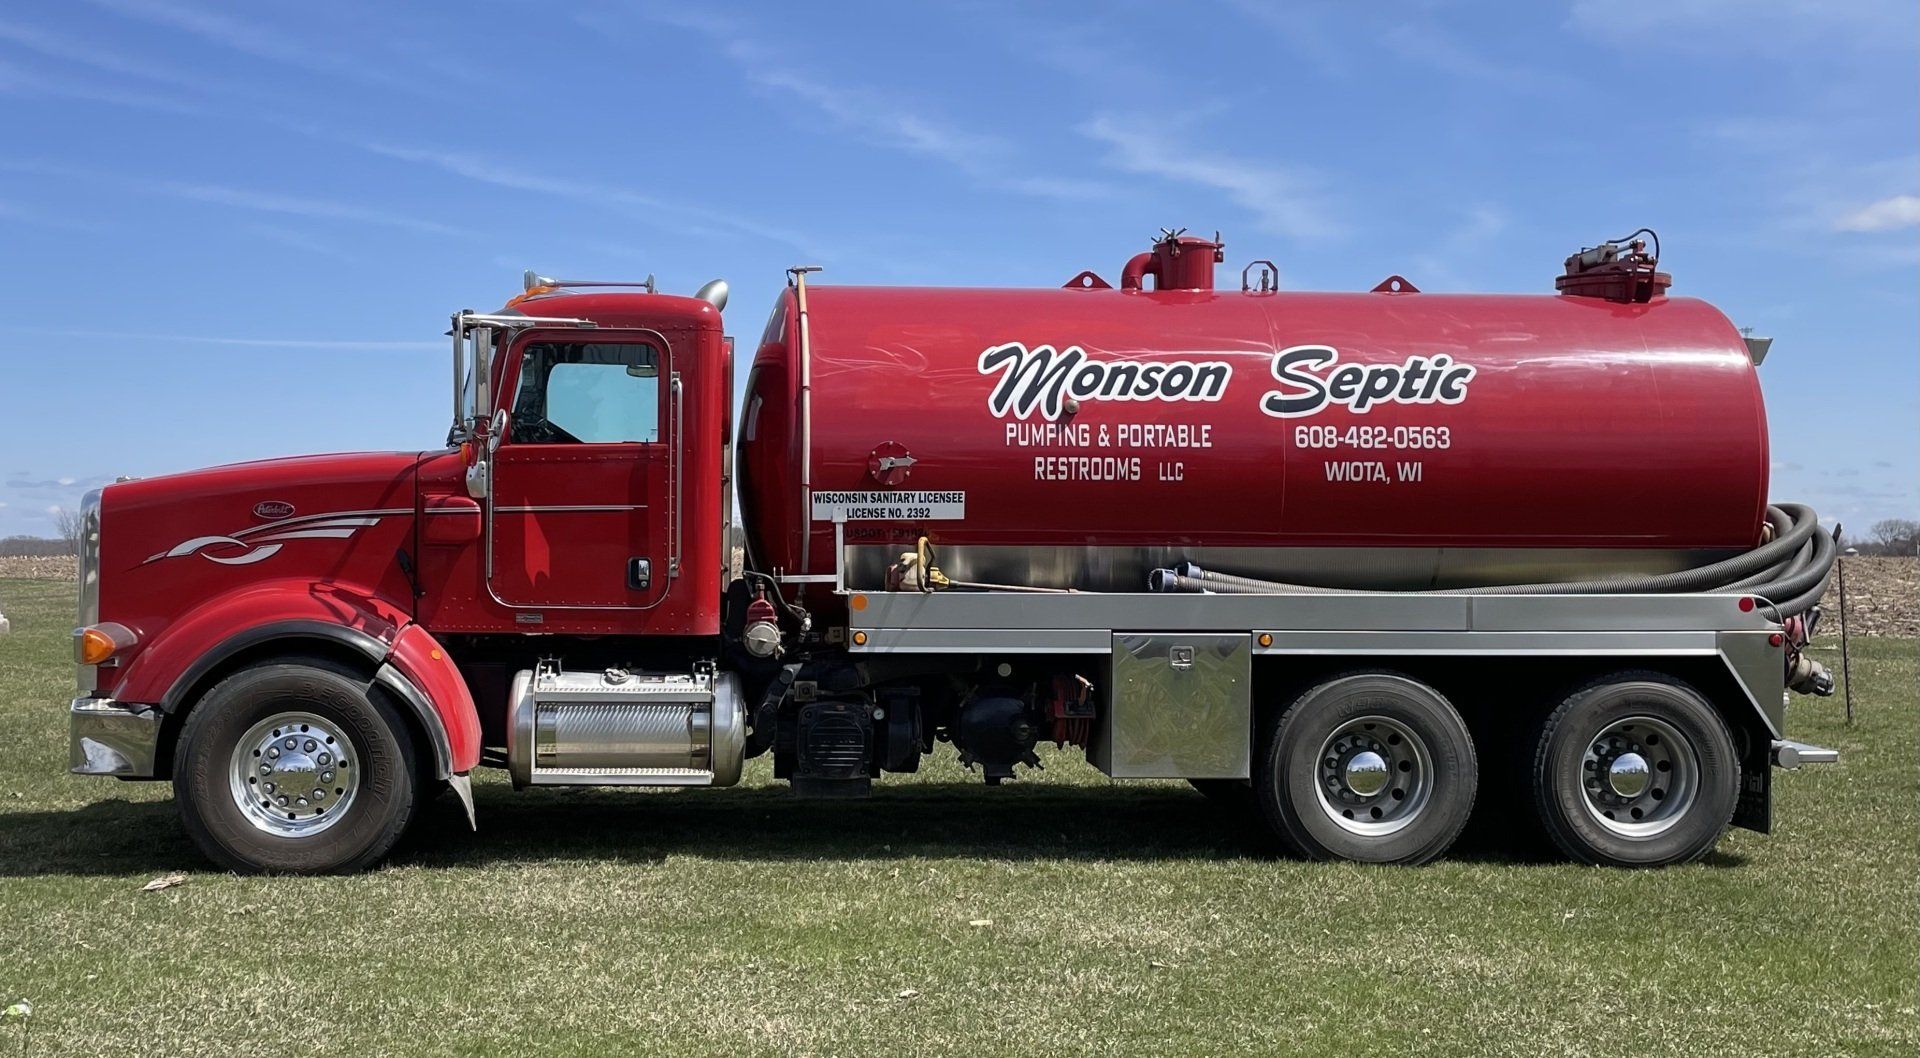 Monson septic truck
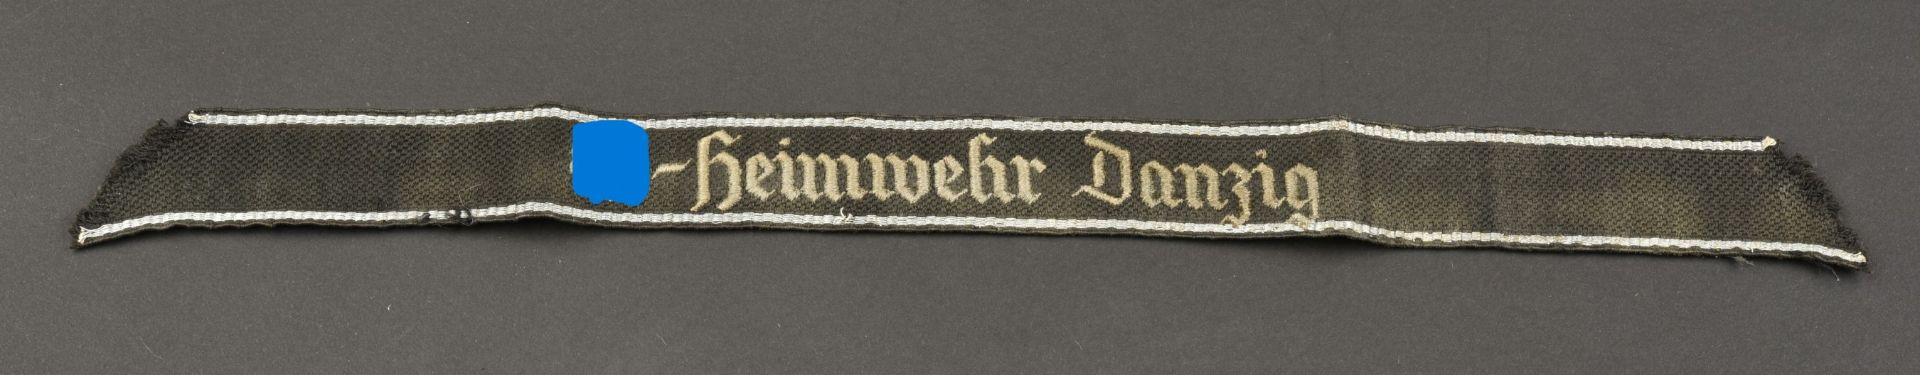 Bande de bras SS Heimwehr Danzig. Heimwehr Danzig Cufftittle.
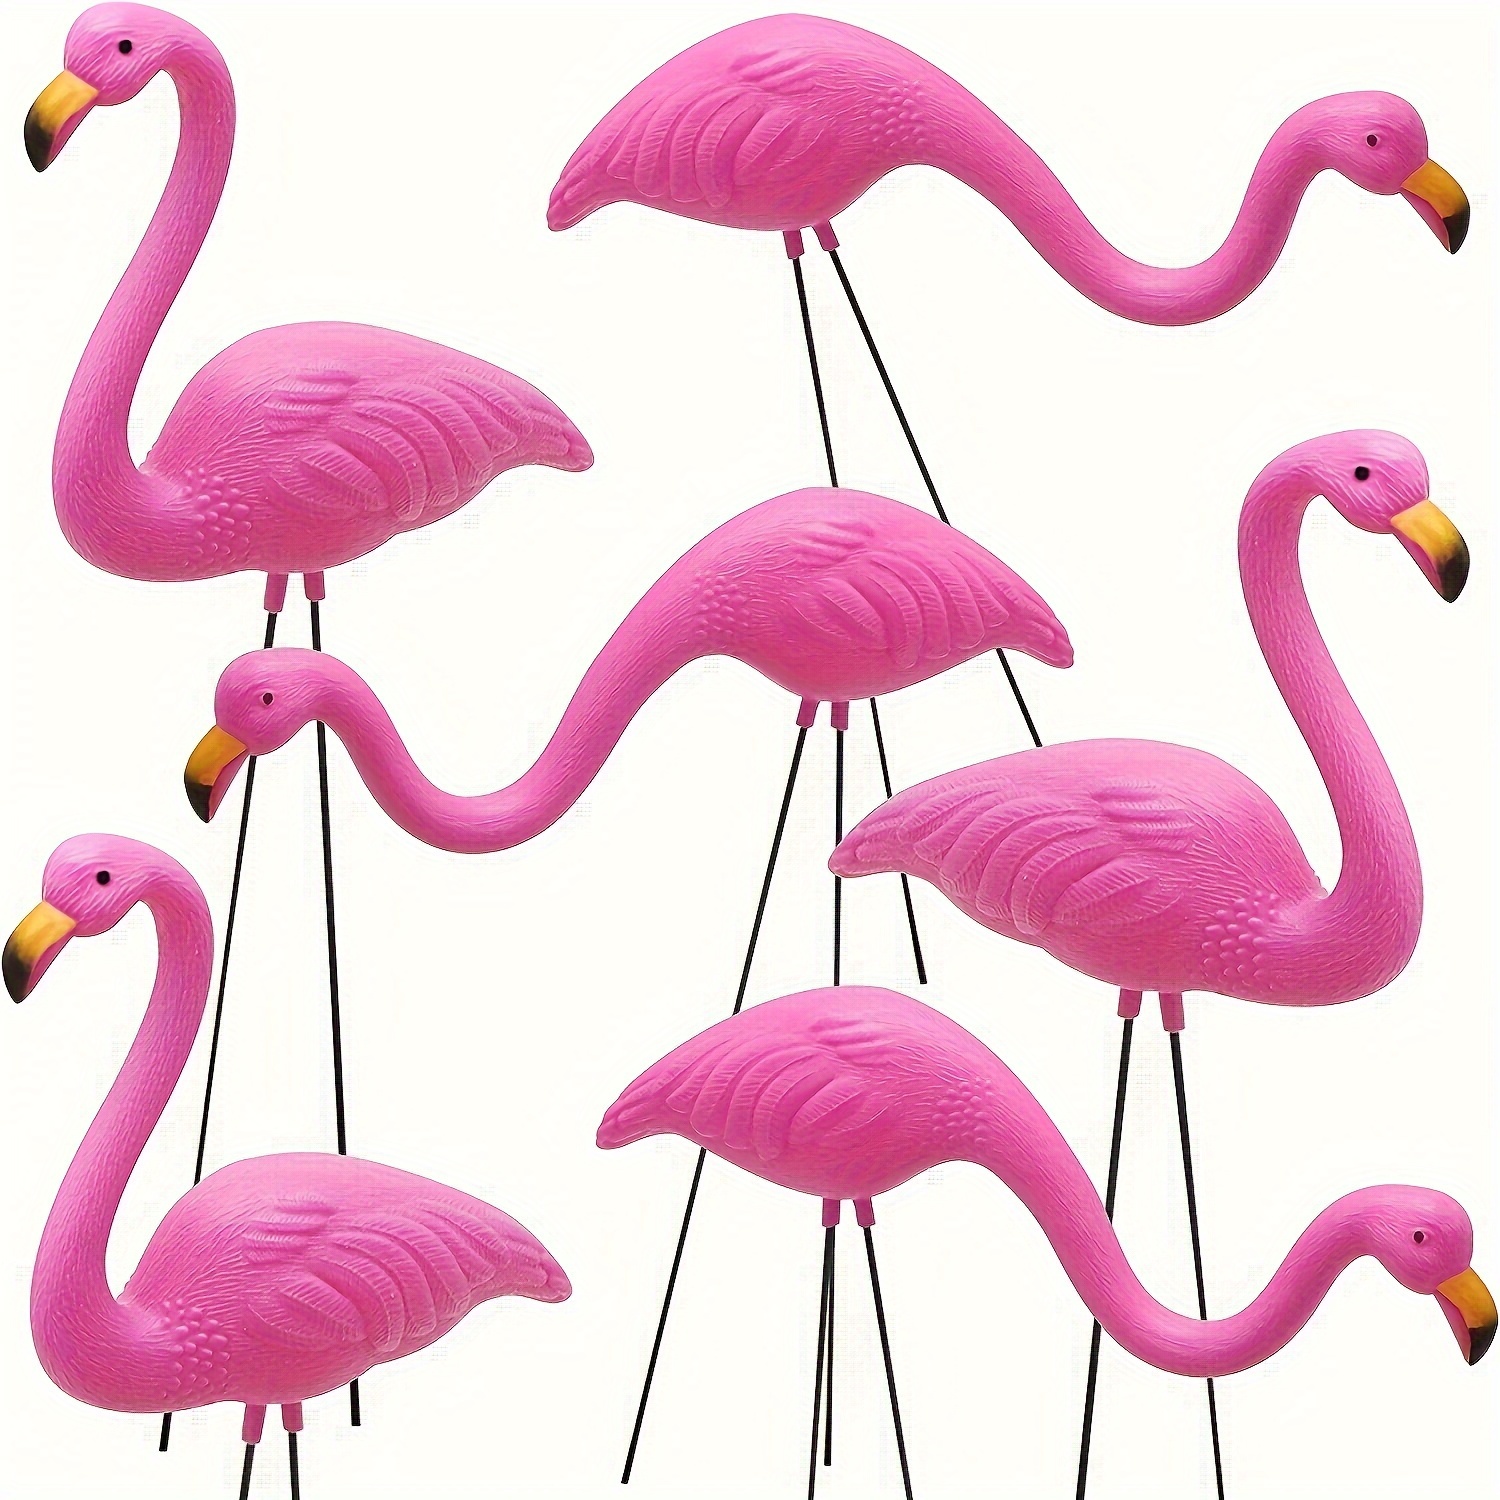 Aufblasbarer Flamingo - Kostenloser Versand Für Neue Benutzer - Temu Austria

[What you need to do] What do the lines above say from the line containing "Bande de bras" through the last line? Quote them exactly, both ends included, and leave out the pictures.

[Your response]
 Bande de bras SS Heimwehr Danzig. Heimwehr Danzig Cufftittle.
 Aufblasbarer Flamingo - Kostenloser Versand Für Neue Benutzer - Temu Austria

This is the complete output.